SUPPLIED MATERIAL |
——
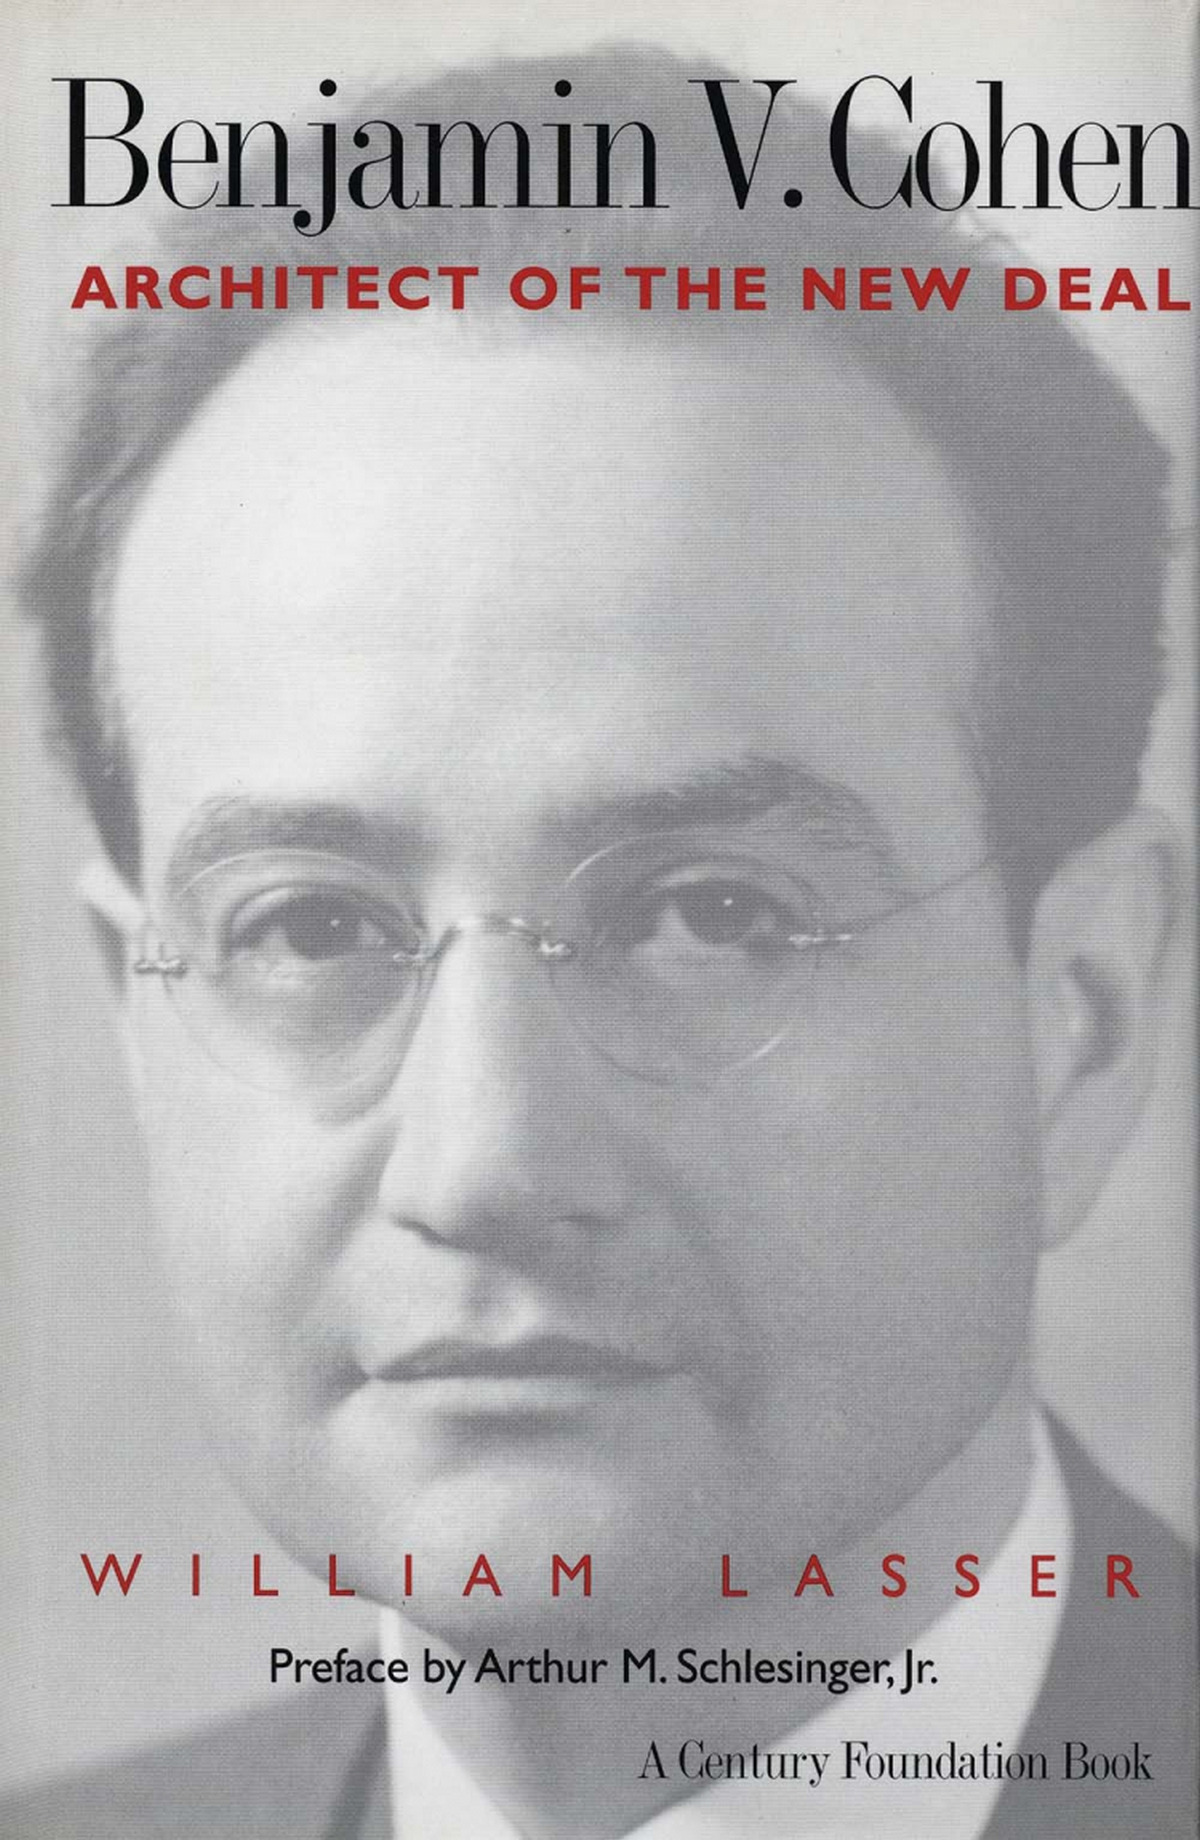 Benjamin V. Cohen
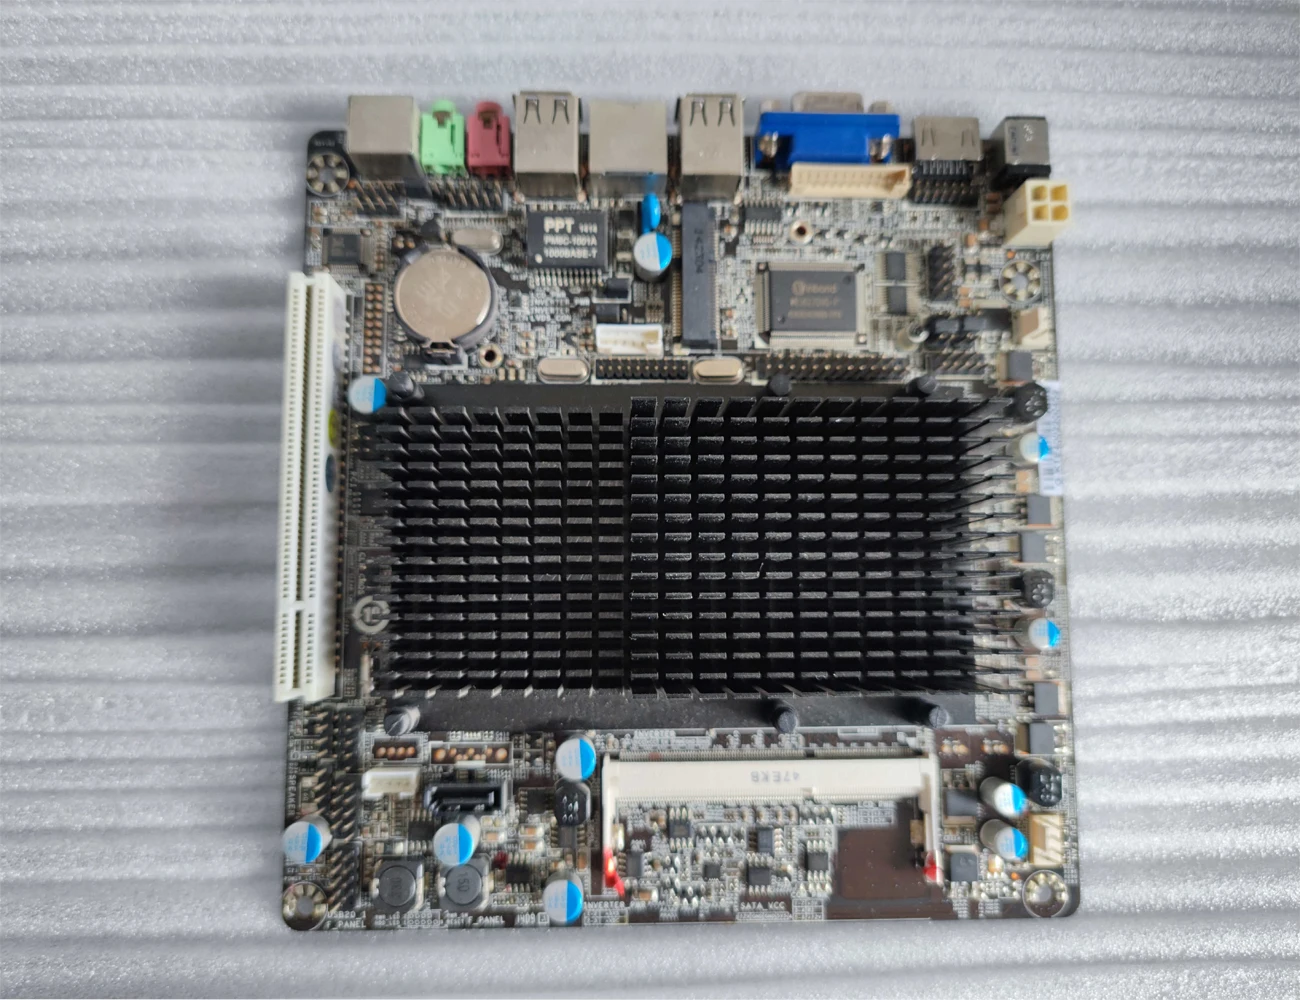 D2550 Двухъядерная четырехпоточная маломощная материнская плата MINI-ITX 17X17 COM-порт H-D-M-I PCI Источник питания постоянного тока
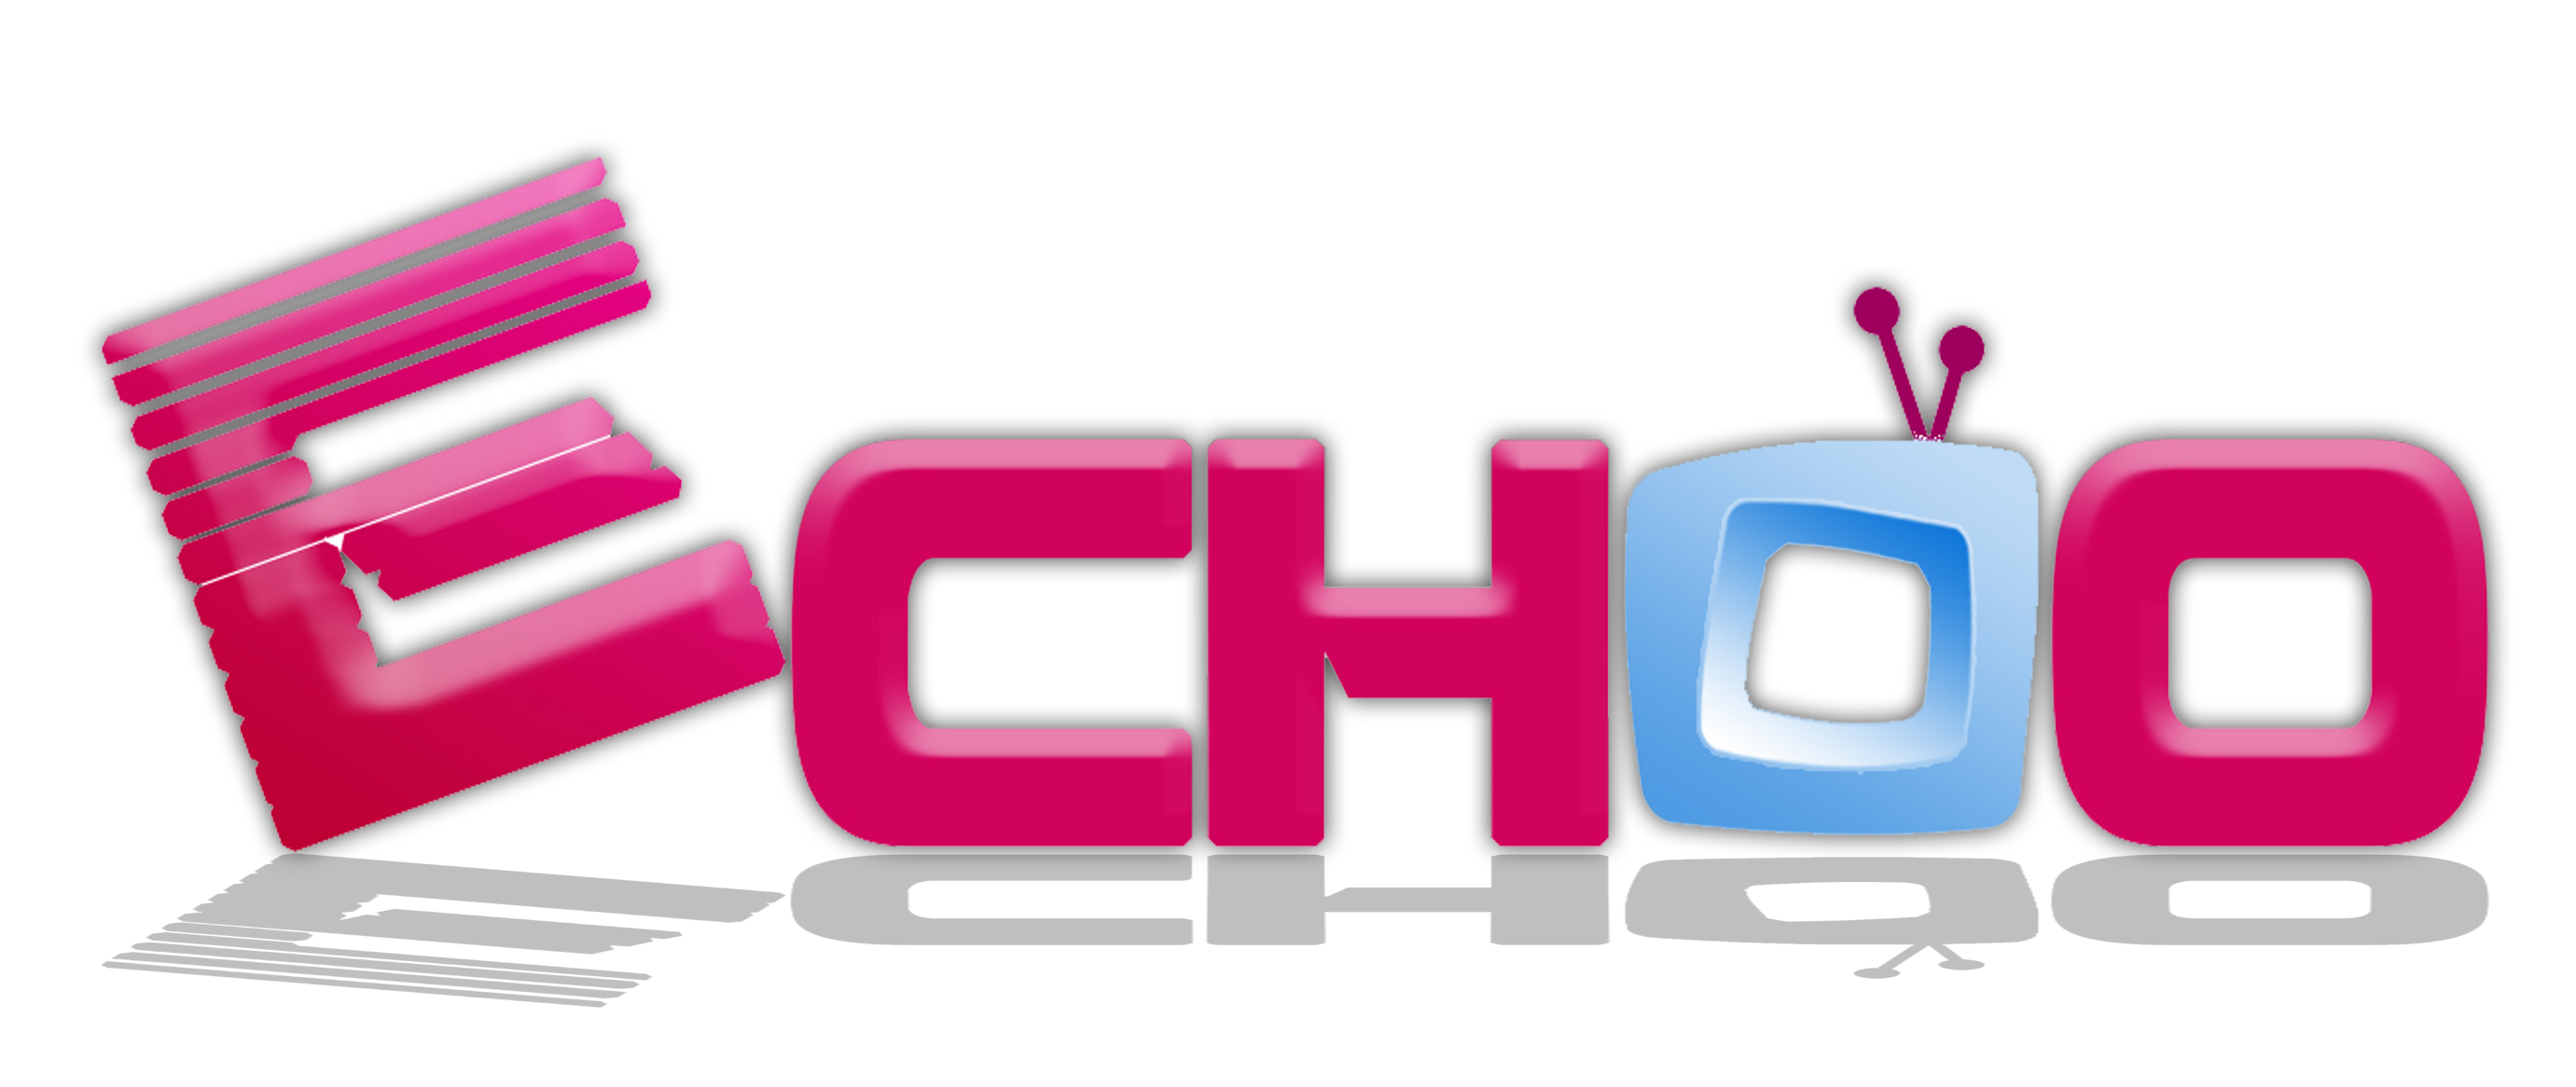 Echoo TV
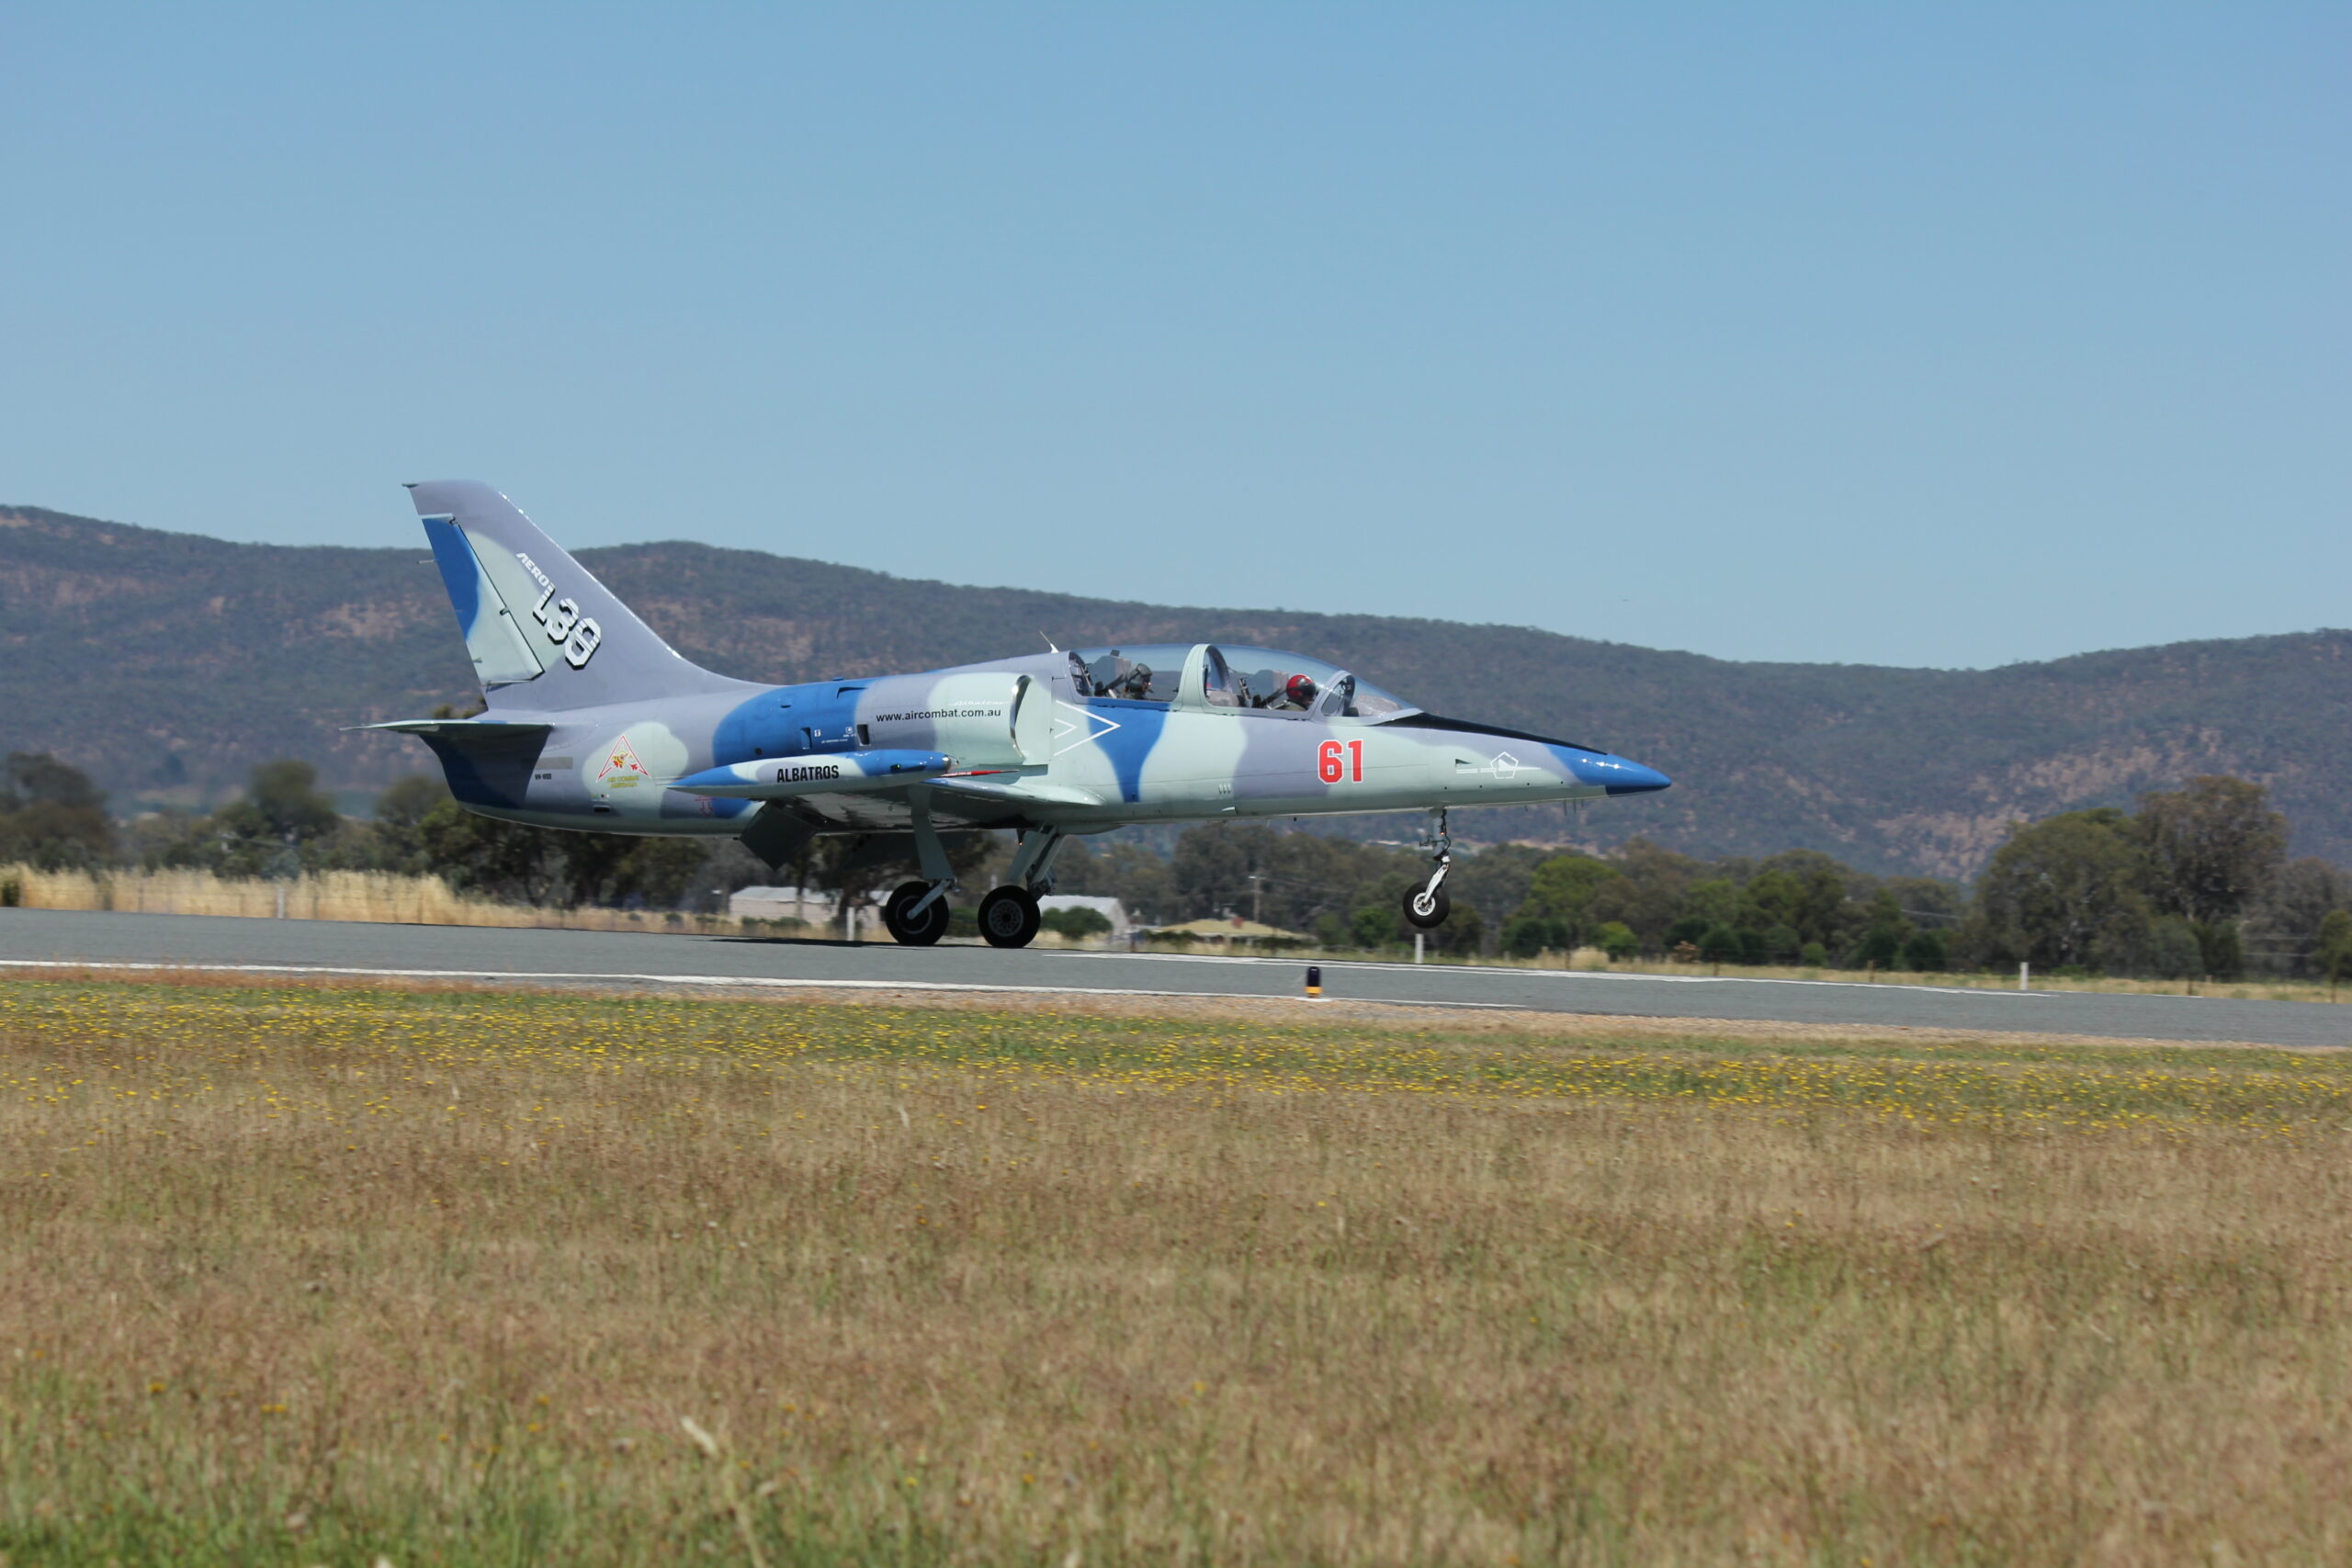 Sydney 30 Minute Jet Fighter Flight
——
EXERCISE |
Leave out the pictures, and write out all the remaining data above exactly.

RESULT OF THIS EXERCISE |
 Benjamin V. Cohen
 D2550 Двухъядерная четырехпоточная маломощная материнская плата MINI-ITX 17X17 COM-порт H-D-M-I PCI Источник питания постоянного тока
 Echoo TV
 Sydney 30 Minute Jet Fighter Flight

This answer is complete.